After the Elder Shingoose’s teaching, a safety briefing by Karen Chow, and other formalities, people joined their Team Leads and ventured up the hill with their boxes of tender seedlings. Bit by bit the forest took shape as holes were dug, to be filled with rich soil and mycorrhizal fungi. Each tree sapling was marked by a red flag.  Many thanks to Team Leads Rob, Heather, Tom, Lindsay, Karen, Kevin, Andrea, Sasha, Fran and Lance who worked with their groups of 3-8 volunteers, all excited to join into the process and figure it out as they went along. 

Under the shade tent a table had been set up for painting stones for the forest, this task was taken on by the elders and youth of the Calgary Centre for Spiritual Living. It’s also an important task to bring beautiful art into the forest, and a way for those who cannot bend or climb the hill to capture the energy and joy of the day in their own special ways. 

By the time lunch was served two and a half hours later, over half the forest had been planted. We were honoured to hear Motunrayo Amore share her Nigerian experiences of listening to songs being sung to the trees while being planted in her home country.. 

If a single person had been doing all this work over 6-hour days, it would have taken 38 days to complete. This is the power of community! This is the power of coming together with a common goal of rebuilding the urban forest of Calgary for the benefit of all citizens. 
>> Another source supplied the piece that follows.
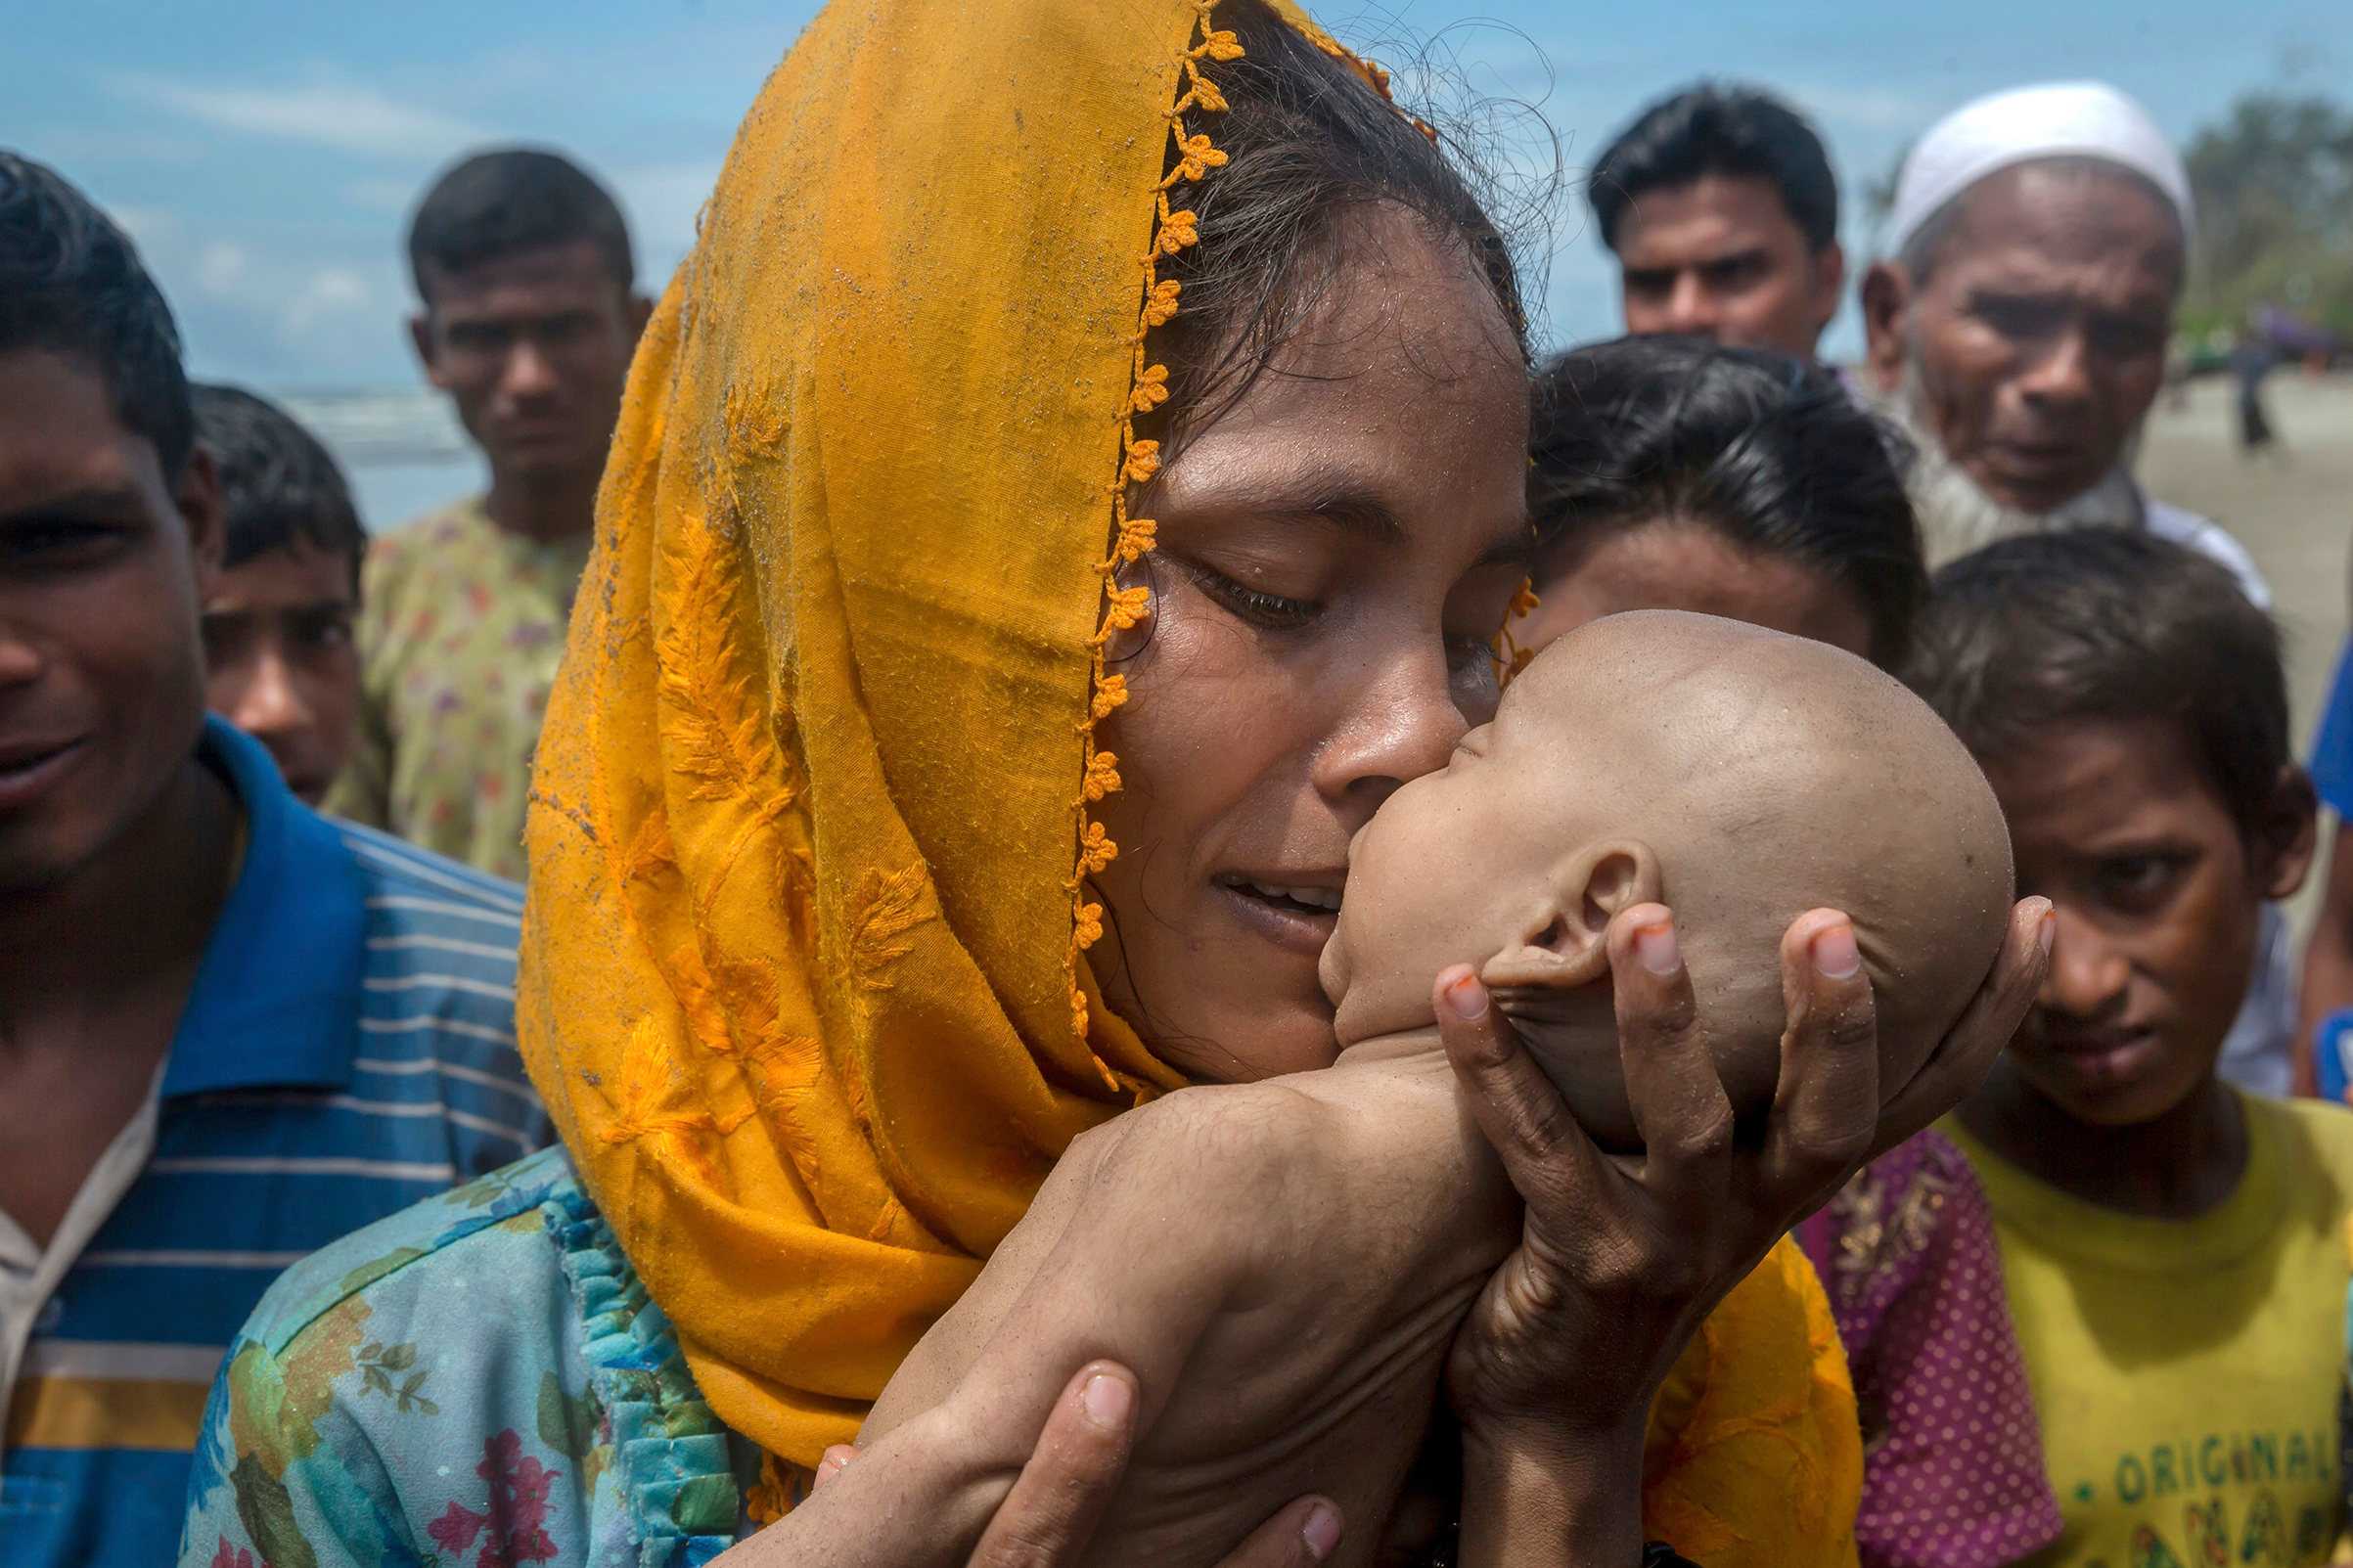 A Rohingya woman grieves for her infant son, who died when their boat capsized off Bangladesh on Sept. 14. (Dar Yasin—AP)

A small forest will sequester carbon with a single mature tree absorbing about 10 kilograms of carbon per year. Once grown, the 220 trees alone will remove approximately 2.2 tonnes of carbon per year. These trees will clean wildfire smoke and car-smog from the air, improving our respiratory health and giving us fresher air to breath. The trees and soil regenerated by the forest will absorb rainfall more quickly than grass lawns can, which reduces run-off and flooding and can restore the underground water table reserves. 

The shade from the tree canopy will reduce the heat of the field and provide a place of refuge from the intense summer sunlight. Shade near a building can also reduce air conditioning costs. In the winter months, trees block the wind and decrease the cost of heating nearby buildings. 

These trees will provide habitat for birds, beneficial insects and wildlife, and a more stable ecosystem will reduce the need for petrochemical herbicides and pesticides. As the leaves fall and compost into their soil, this will rebuild the nutrients into depleted topsoil and eliminate the need for fertilizers. This may be a small forest, but its impact has wide reaching implications not only to the people in the immediate area, who will benefit from this beautiful forest space, but for all things living in Calgary, including the Swanson’s hawks.

None of this would’ve been possible without bringing together a team of people who can see within their mind’s eye a vision of the future that is better than the one we are in today. With conviction, motivation and tools in hands, they restore to Mother Earth that which we have taken from her. Trees taken for buildings and paper products and cleared for urban sprawl.  

We are grateful for what Mother Earth gives to us so generously, we are grateful for the abundance of this planet Earth we call home. By acting with gratitude, we become aware of our responsibilities to return as much as we take, to give in reciprocal relationships with the Earth and all her creatures, between us and those who are All our Relations.